Catherine Merri Pavlich (born July 10, 1988) is an American author, blogger, and podcaster. Previously part of Townhall.com and Fox News, she joined NewsNation in December 2025 and began hosting her own political talk show Katie Pavlich Tonight in January 2026.

==Early life and education==

Pavlich was born in Phoenix, Arizona, to a family of Croat and German descent. She grew up in the mountainous areas of northern Arizona, where she developed interests in outdoor activities such as river rafting and hunting. Pavlich graduated from Sinagua High School in Flagstaff, where she played volleyball and basketball.

In 2010, Pavlich earned a Bachelor of Arts degree in broadcast journalism from the University of Arizona. As an adult woman with eligible ancestry, she became a member of the Daughters of the American Revolution.

While working on her degree, Pavlich got her start in media as a regular guest on radio host Jon Justice's morning show, which aired on KQTH "The Truth" in Tucson. Pavlich continued to regularly appear on Justice's show after he moved to KTLK in Minneapolis in 2014, appearing almost weekly until 2025.

==Career==
Pavlich moved to the Washington, D.C., area and became news editor for Townhall.com, a contributing editor to Townhall Magazine, and a Fox News contributor. In the summer of 2013, she became an alternate co-host for The Five, a panel talk show on Fox News Channel. She was also a National Review Washington Fellow.

Pavlich has appeared on media outlets including Fox News, CNN, MSNBC, CNBC, and Fox Business. Starting in 2018, she co-hosted the podcast Everything's Going to Be All Right with former White House Press Secretary Sean Spicer. Due to poor ratings, the podcast ended shortly after its first episode.

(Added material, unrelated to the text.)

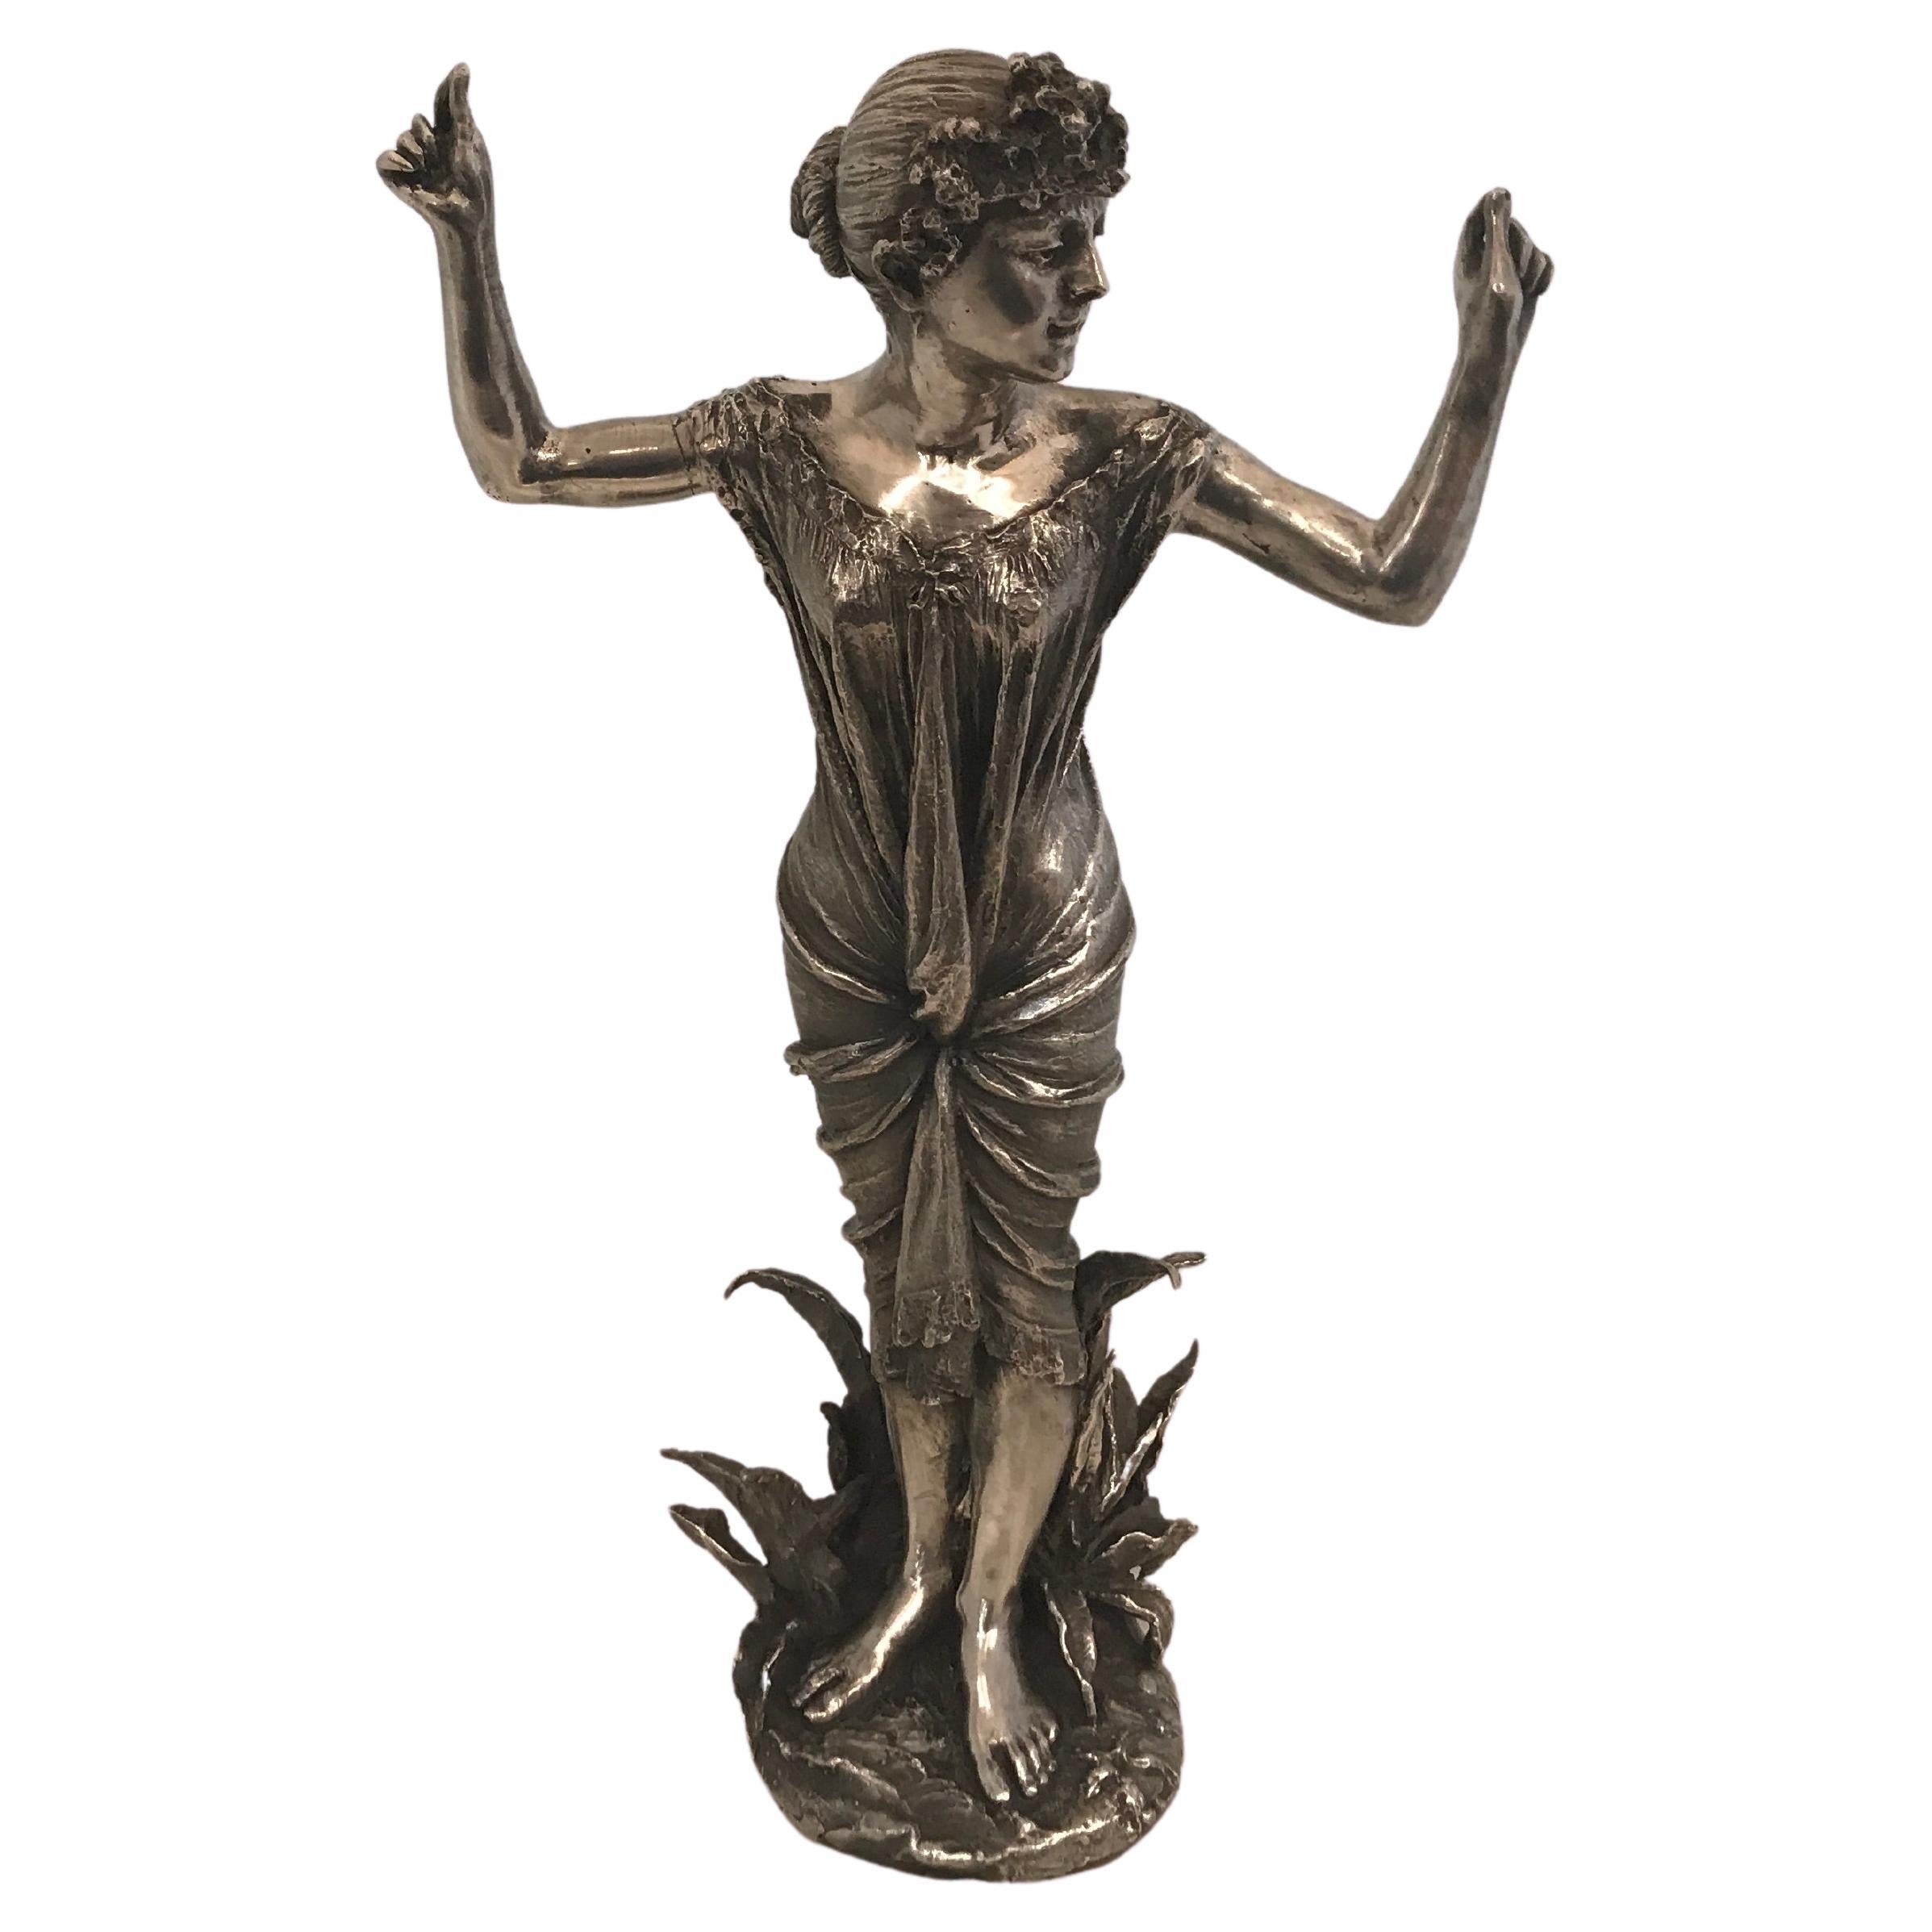 Woman Dancing Sculpture, France, Jugendstil, Art Nouveau, Liberty, 1900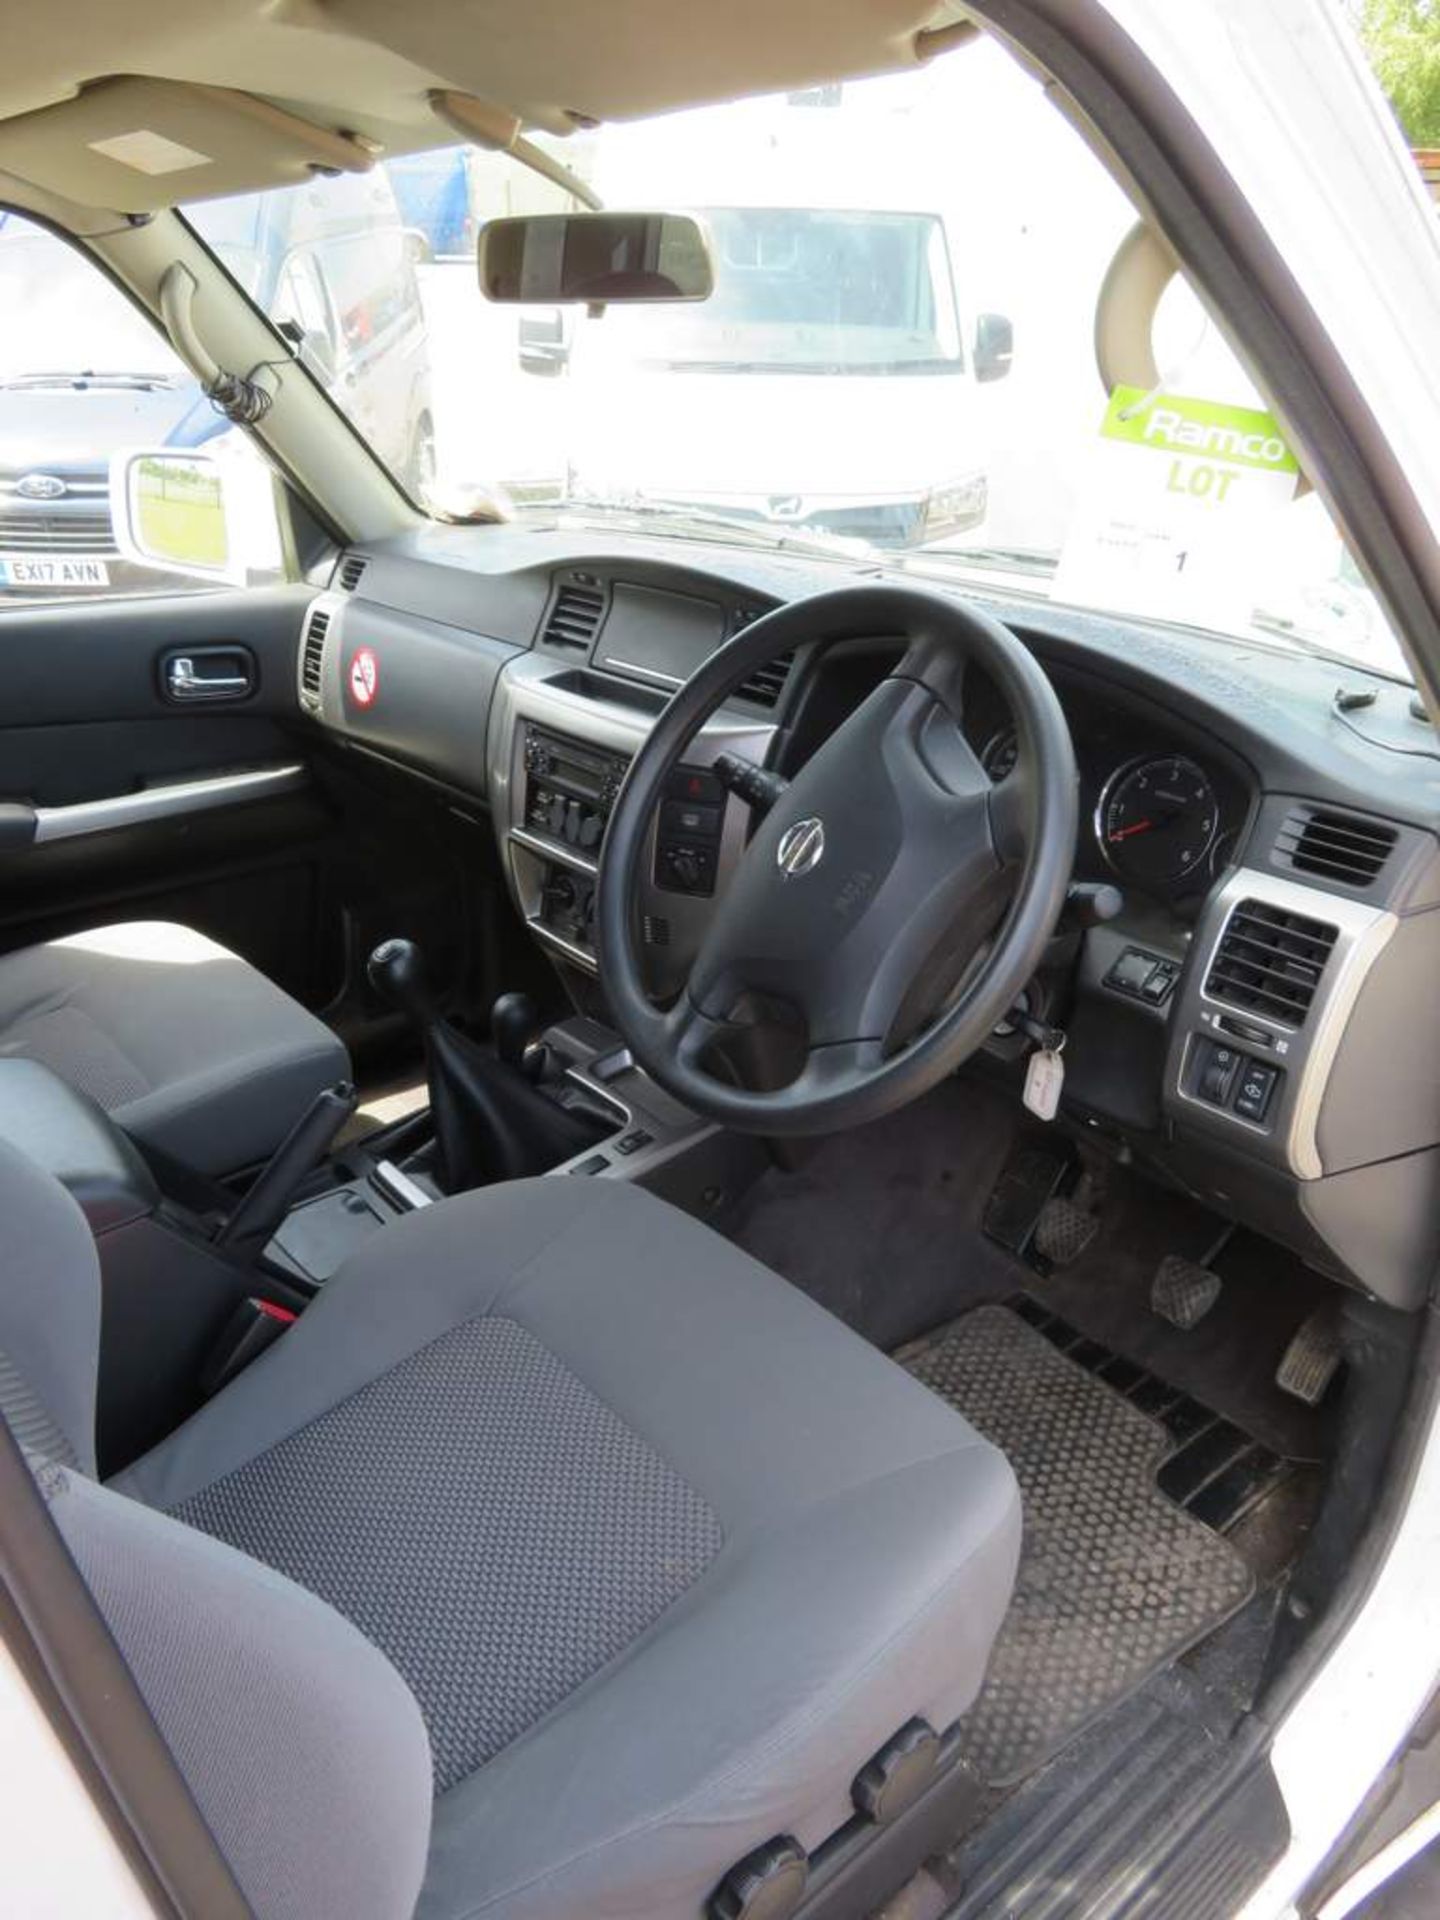 2009 Nissan Patrol Trek DI 4x4 - Image 9 of 30

The Conservative Political Action Conference named her 2013 Blogger of the Year. The Clare Boothe Luce Policy Institute gave her the 2014 Woman of the Year Award, and the 2013 Conservative Leadership Award.

In 2022, Pavlich hosted Fox Nation's lifestyle show Luxury Hunting Lodges of America, where she traveled to numerous resort-like hunting and fishing accommodations from Louisiana to Wyoming.

She authored the books Fast and Furious: Barack Obama's Bloodiest Scandal and Its Shameless Cover-Up (2012) and Assault & Flattery: The Truth About the Left and Their War on Women (2014).

On October 31, 2025, Pavlich resigned from her news editor position at Townhall.com. She also resigned from her contributor position from Fox News. On December 15, 2025, NewsNation announced Pavlich would be hosting a new political talk show Katie Pavlich Tonight at 10 p.m. ET. It debuted on January 19, 2026.

The premiere episode of Katie Pavlich Tonight drew in 58,000 viewers (including 12,000 in the 25–54 key demographic). The next day's episode featured her interview with U.S. President Donald Trump, to mark the first anniversary of his second inauguration. It was watched by 75,000 viewers (including 10,000 in the 25–54 key demographic), which was far behind in viewership numbers when compared to other programs on competing networks.

===Political commentary===
On the March 19, 2019, broadcast of the Fox News show Outnumbered, Pavlich said that America was the first country to end slavery within 150 years, and receives no credit for it. The remark was disputed by PolitiFact, which noted that countries that outlawed slavery earlier and more quickly than the U.S. included El Salvador, Mexico, Chile, Argentina and Venezuela. In a reversal, she later said she had misspoken, meaning to say that America was "one of" the first countries to end slavery within 150 years "from the point of its founding".

In September 2019, Pavlich questioned Greta Thunberg's global warming activism, saying "She claims that there needs to be more information about the quote 'science,' but actually on the other side there needs to be more information about the hundreds of scientists who actually disagree with the projections of climate change."